Your instructions: Return, exactly as written, the line containing "Ukrainian student’s identity" and every line after it to the end of the records below, with no pictures.

-- Given information follows --

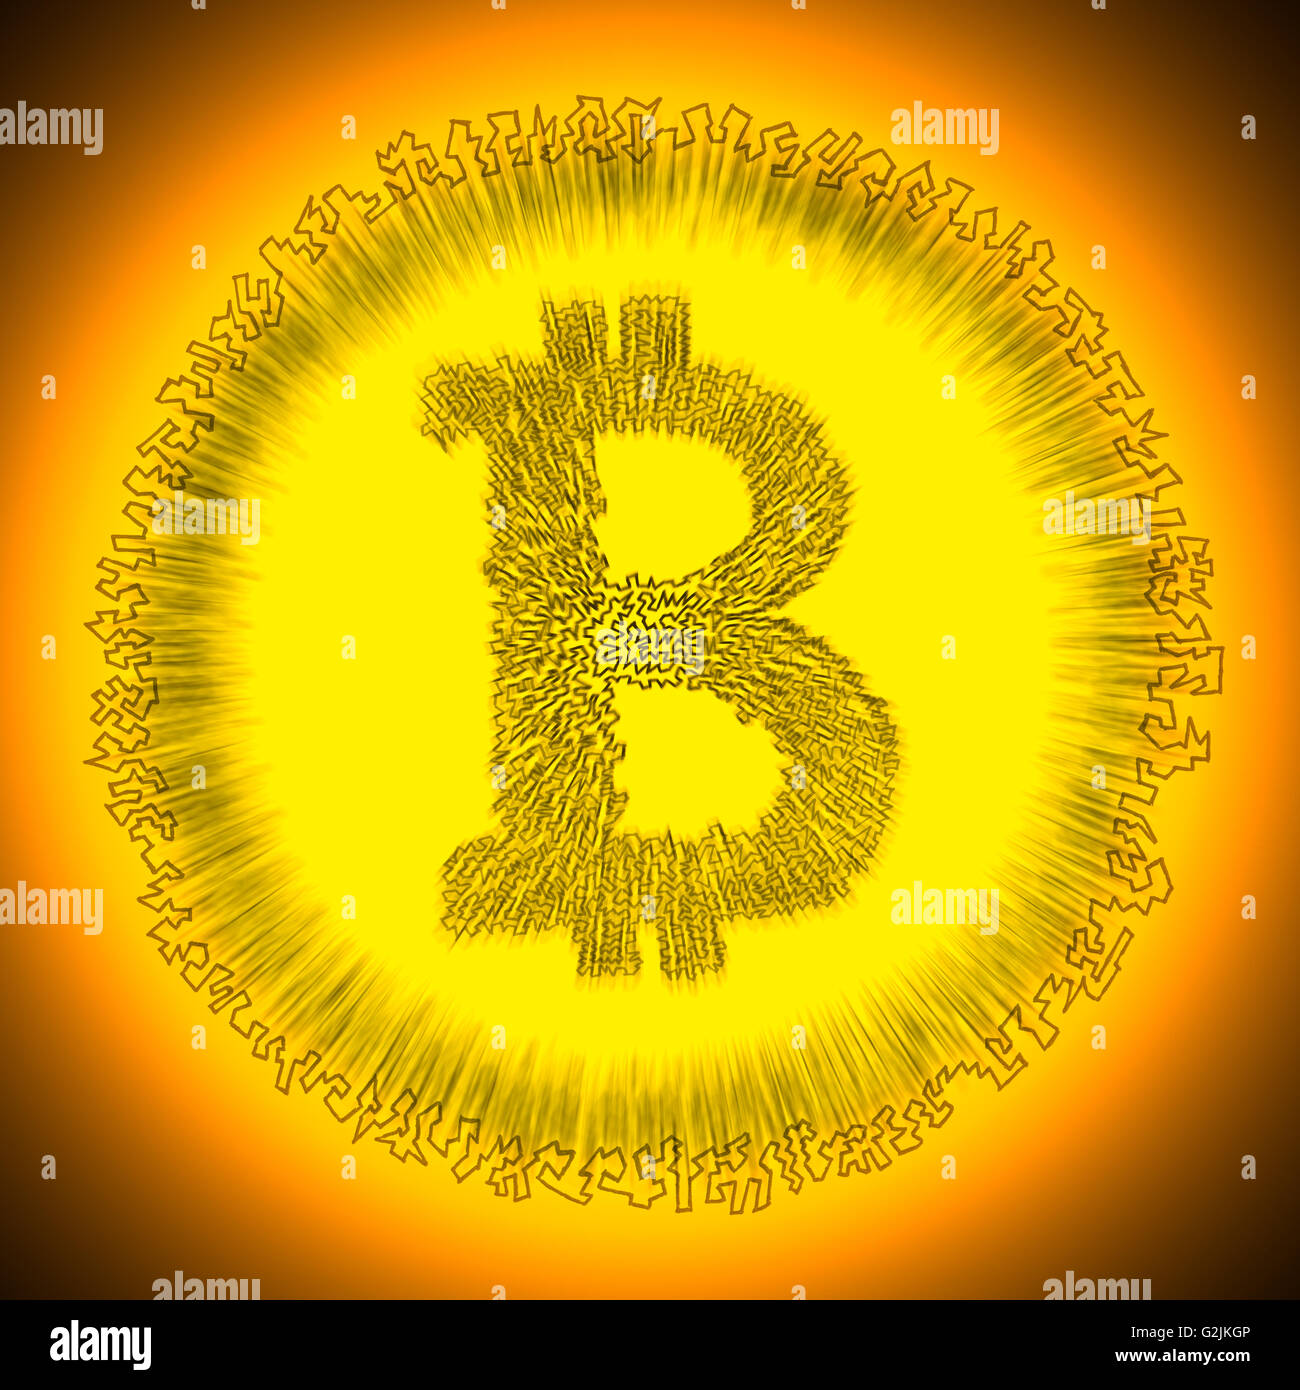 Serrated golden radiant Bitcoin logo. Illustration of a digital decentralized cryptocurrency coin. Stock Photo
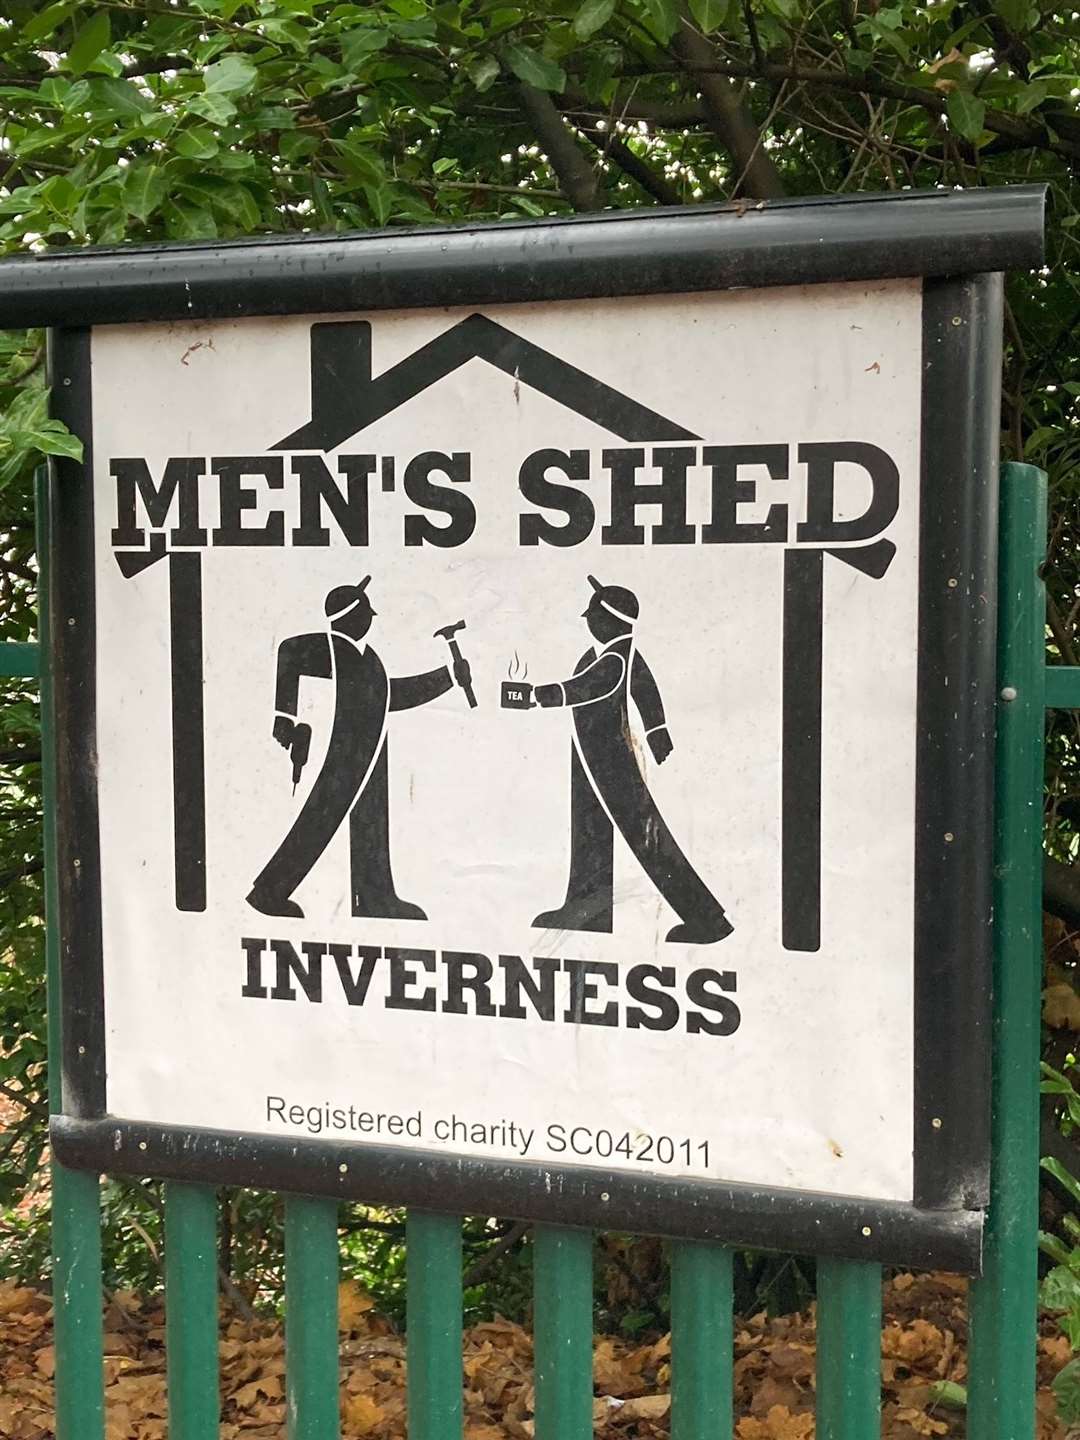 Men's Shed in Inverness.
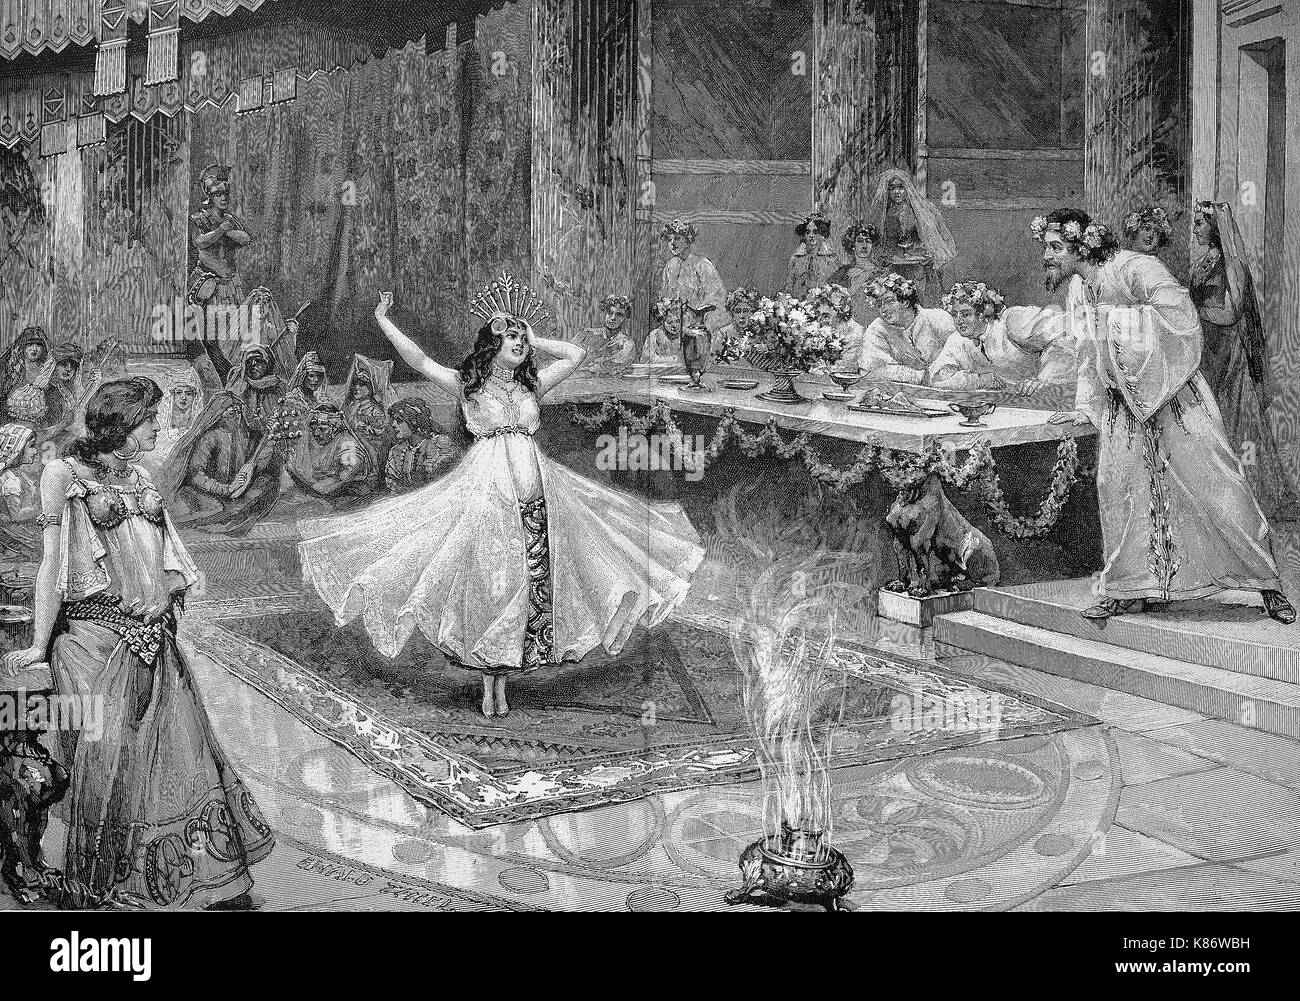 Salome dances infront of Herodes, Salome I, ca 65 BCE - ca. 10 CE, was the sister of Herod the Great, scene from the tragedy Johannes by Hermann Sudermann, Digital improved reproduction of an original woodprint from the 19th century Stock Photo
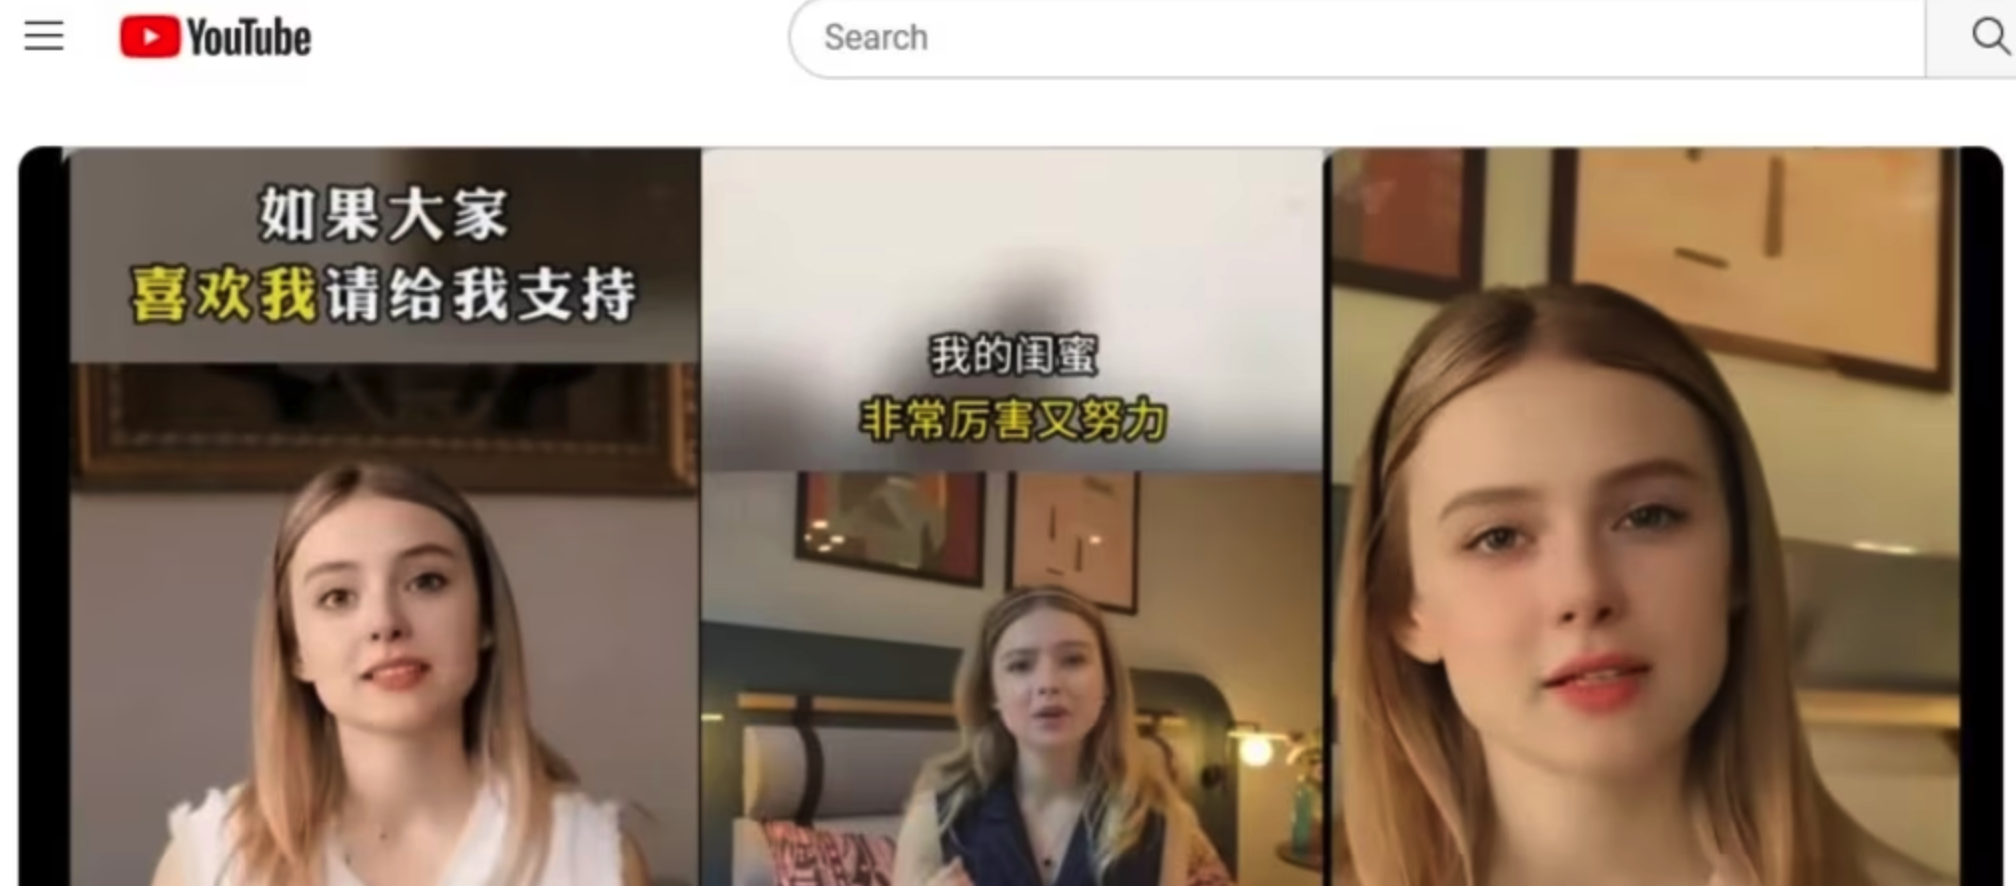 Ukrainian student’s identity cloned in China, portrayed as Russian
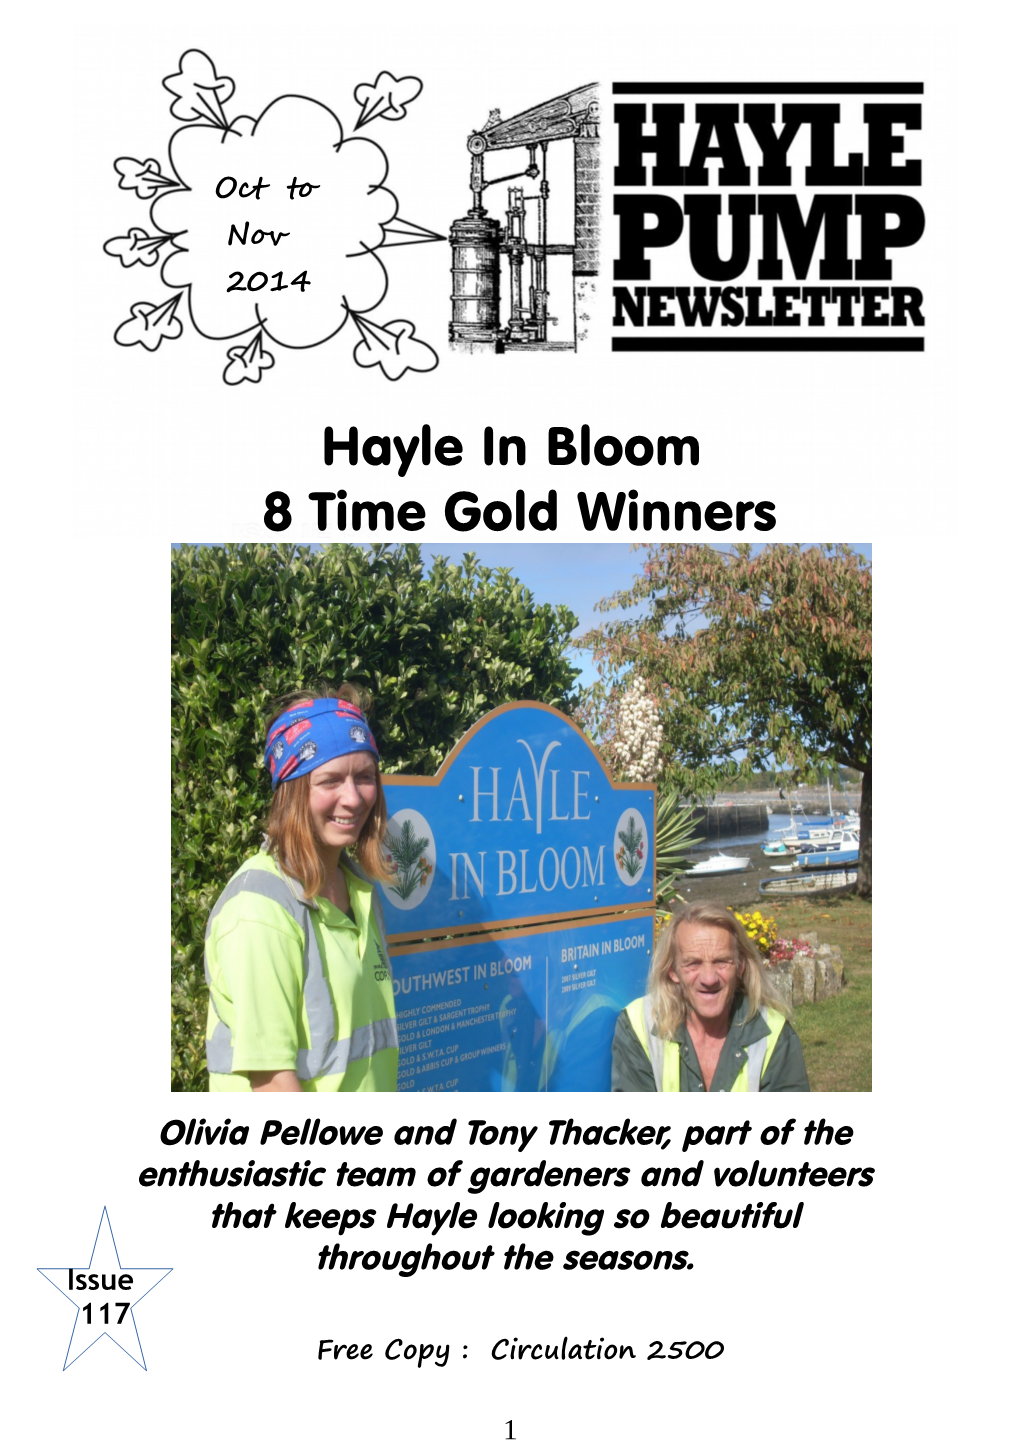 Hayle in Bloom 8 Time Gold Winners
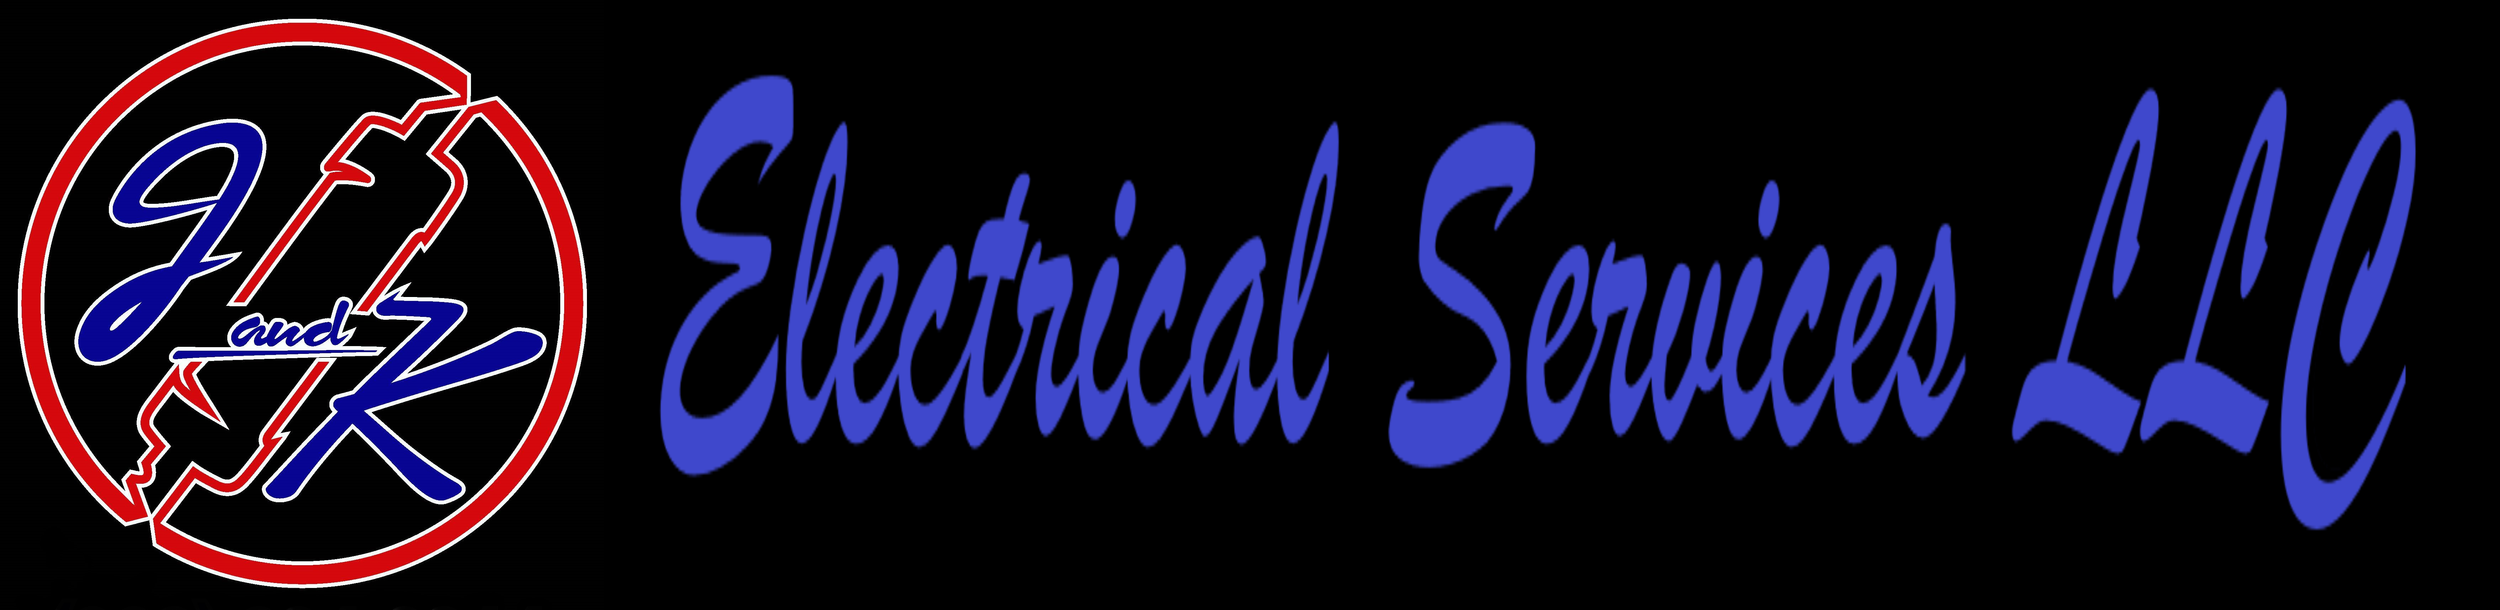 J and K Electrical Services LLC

-- Given information concluded --

Written solution:
 Ukrainian student’s identity cloned in China, portrayed as Russian
 Hayle in Bloom 8 Time Gold Winners
 J and K Electrical Services LLC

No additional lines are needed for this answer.